**WORK INSTRUCTION**
Return all of the data verbatim, dropping any picture.

**SUPPLIED DATA**
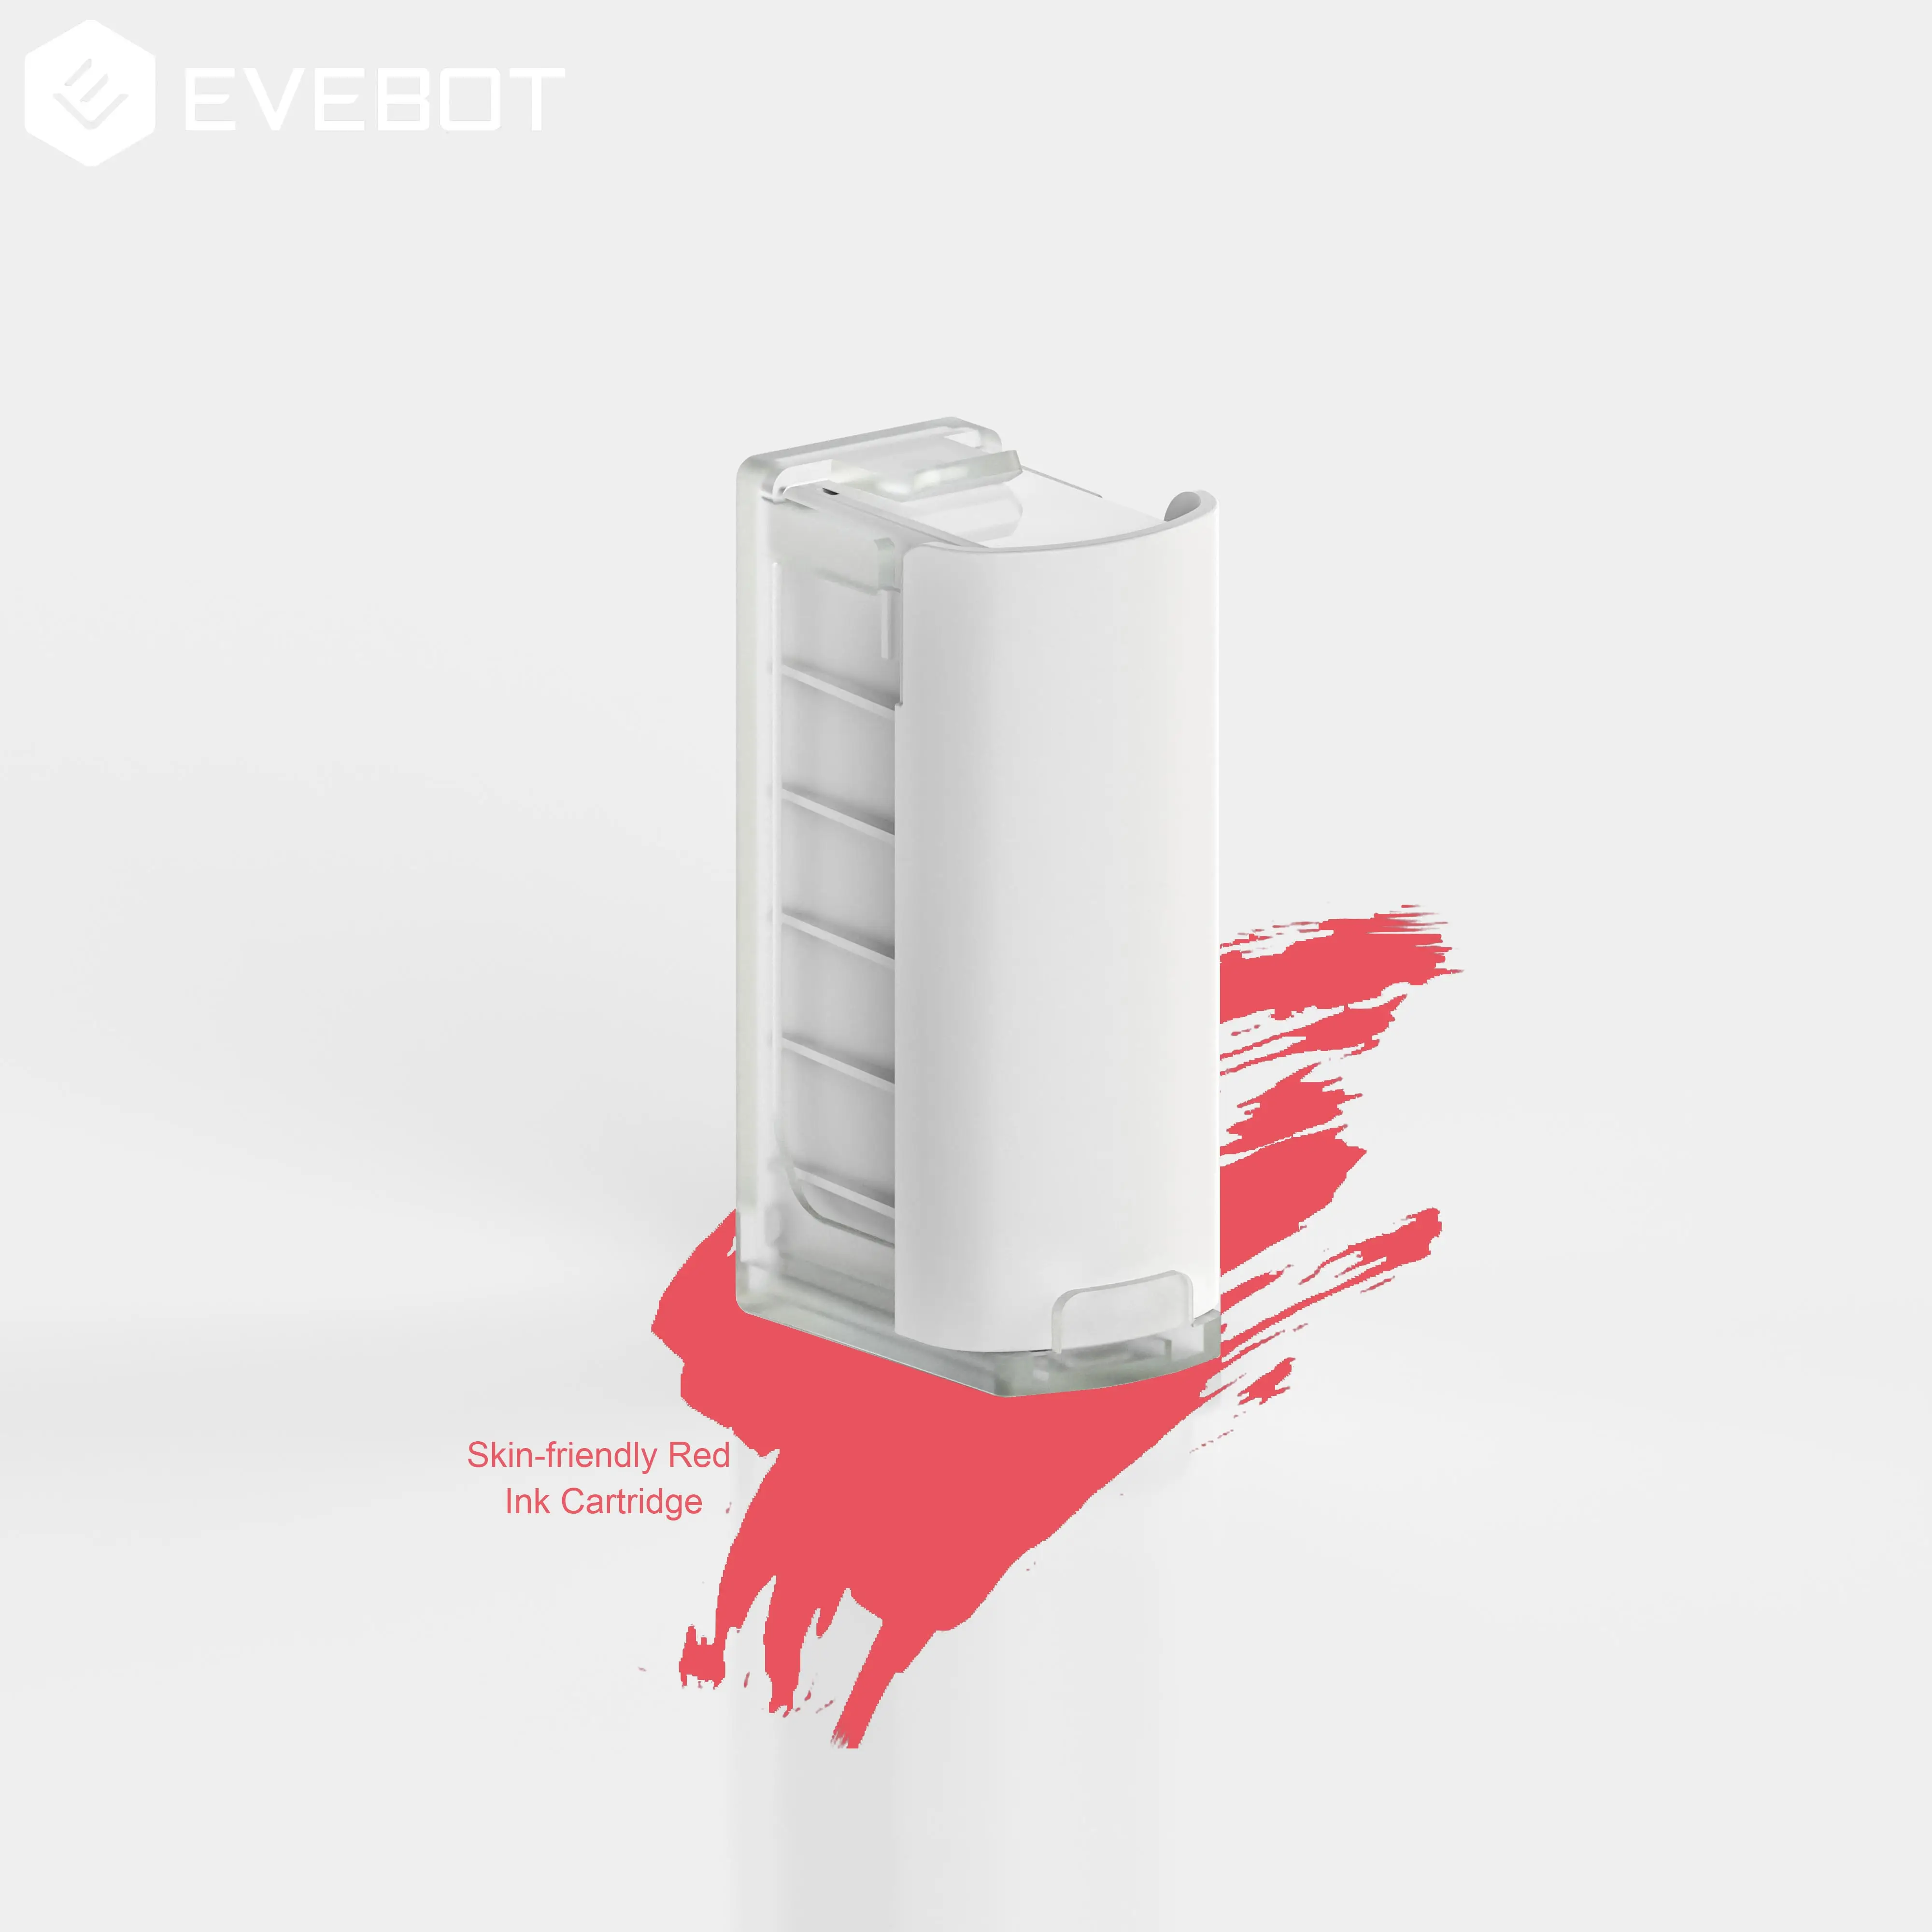 Evebot Huidvriendelijke Rode Inkt Cartridge Voor Printpen & Printpods Tattoo Printer Pocket Mini Handheld Diy Printer Smart Printer
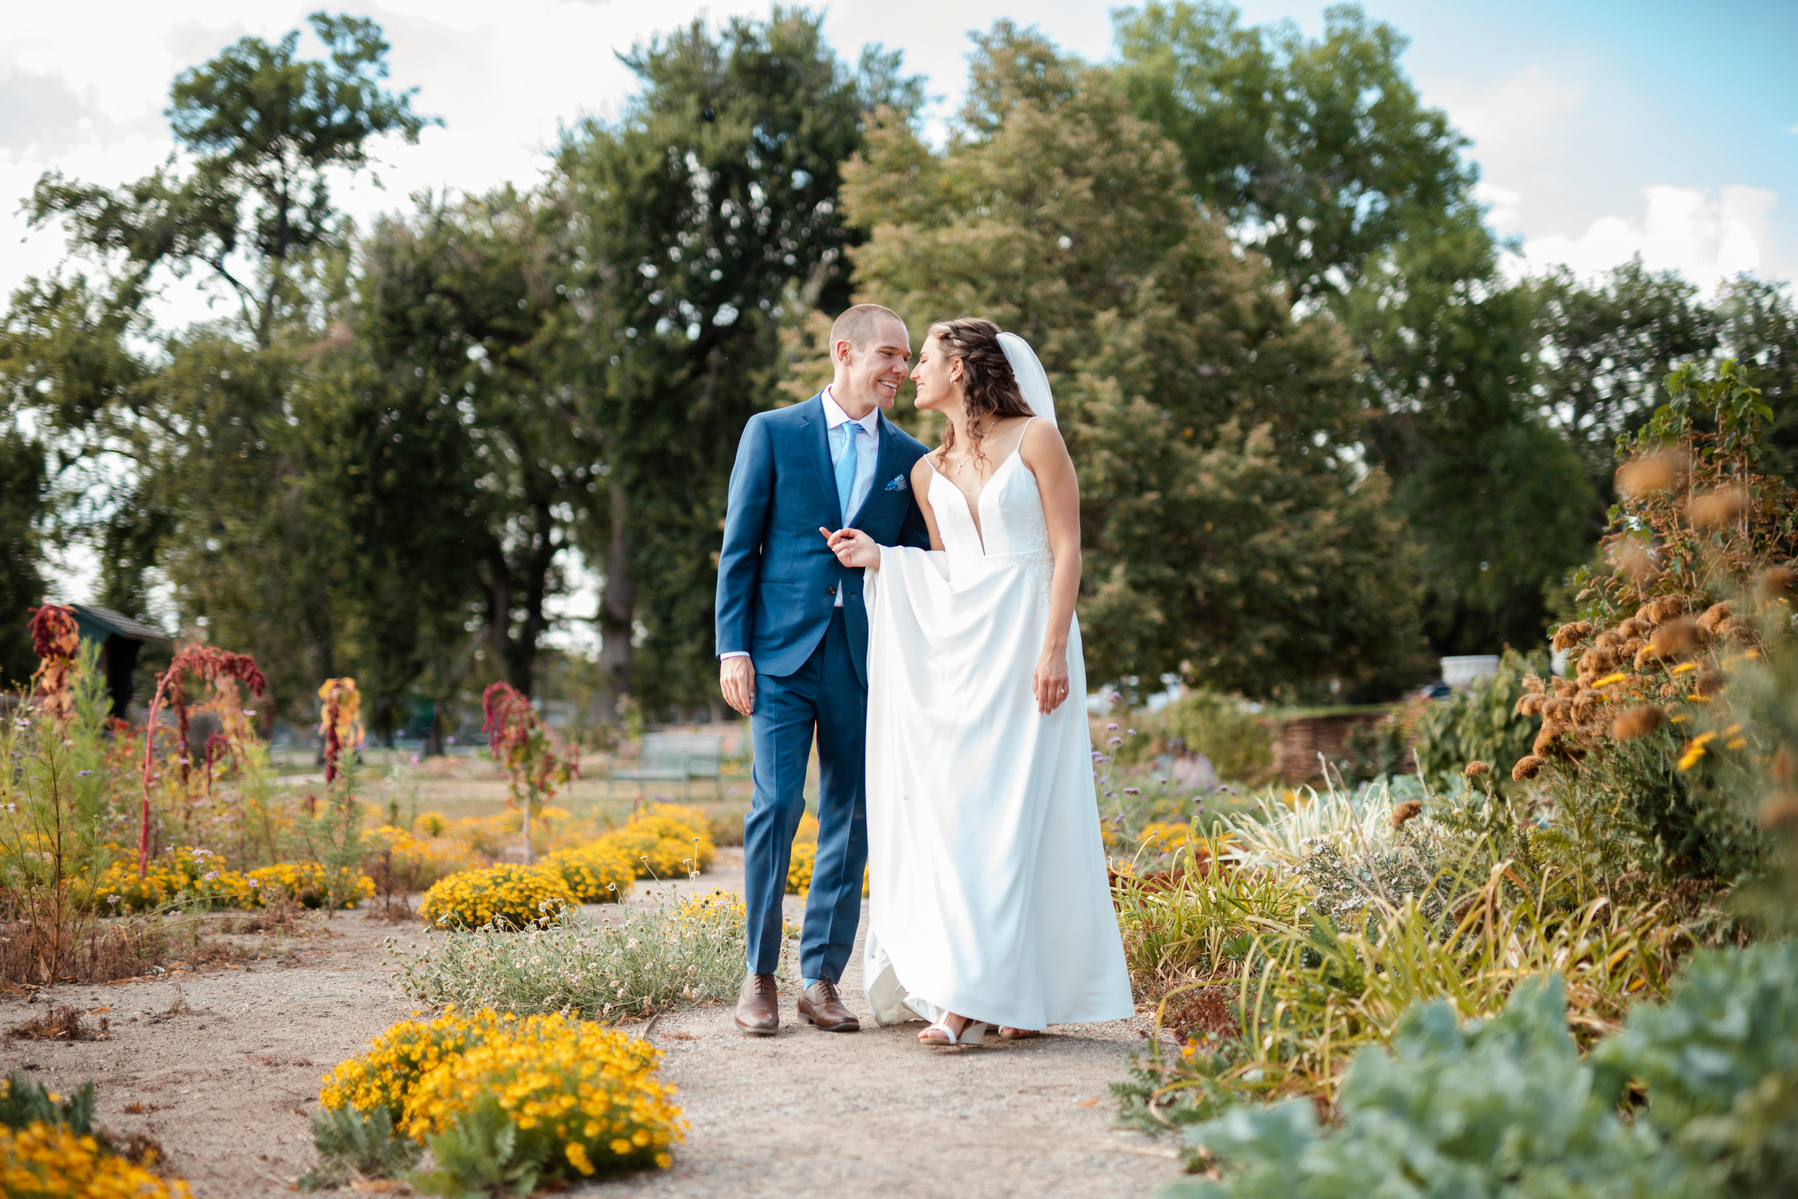 Washington Park Denver. Mount Vernon Garden Wedding. Elopement Denver. Wedding Photography Denver
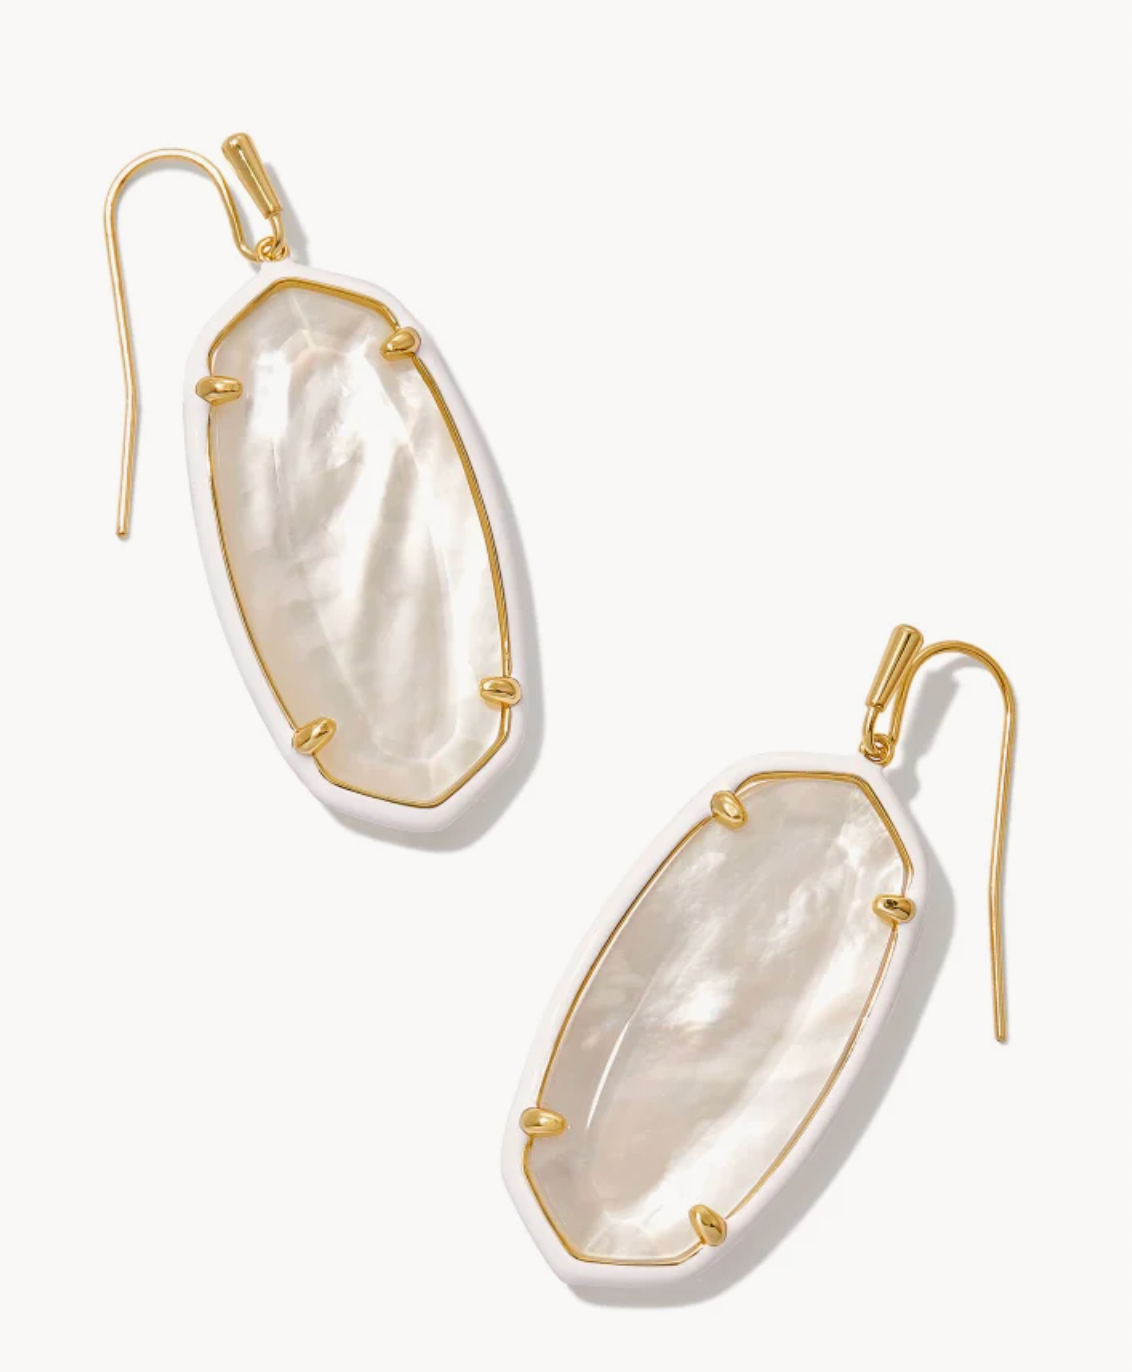 Kendra Scott Elle Gold Drop Earrings in Ivory
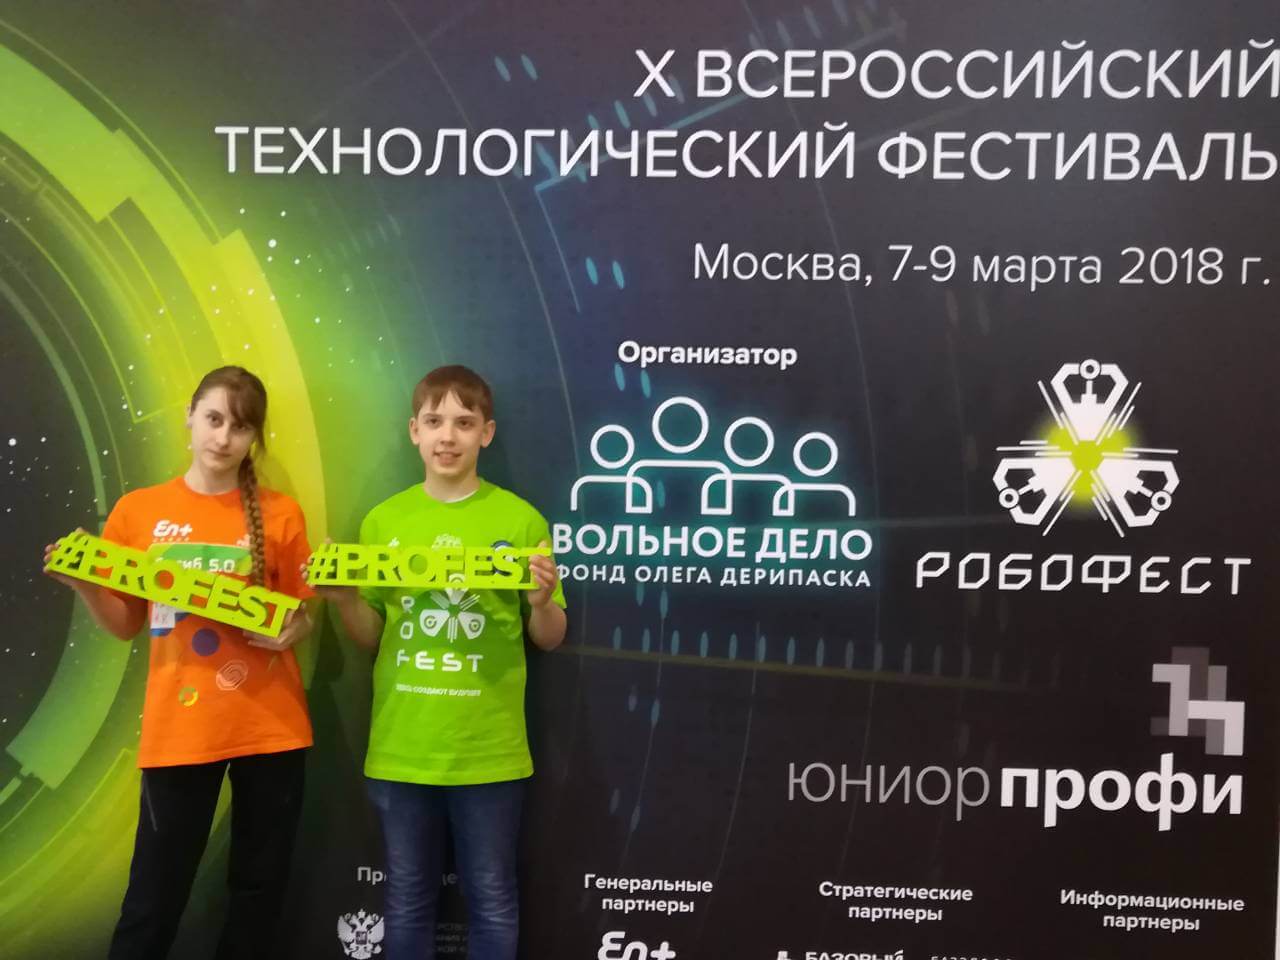 X Всероссийский технологический фестиваль “PROFEST”

**ANSWER FOR THIS EXERCISE**
 Evebot Huidvriendelijke Rode Inkt Cartridge Voor Printpen & Printpods Tattoo Printer Pocket Mini Handheld Diy Printer Smart Printer
 Washington Park Denver. Mount Vernon Garden Wedding. Elopement Denver. Wedding Photography Denver
 Kendra Scott Elle Gold Drop Earrings in Ivory
 X Всероссийский технологический фестиваль “PROFEST”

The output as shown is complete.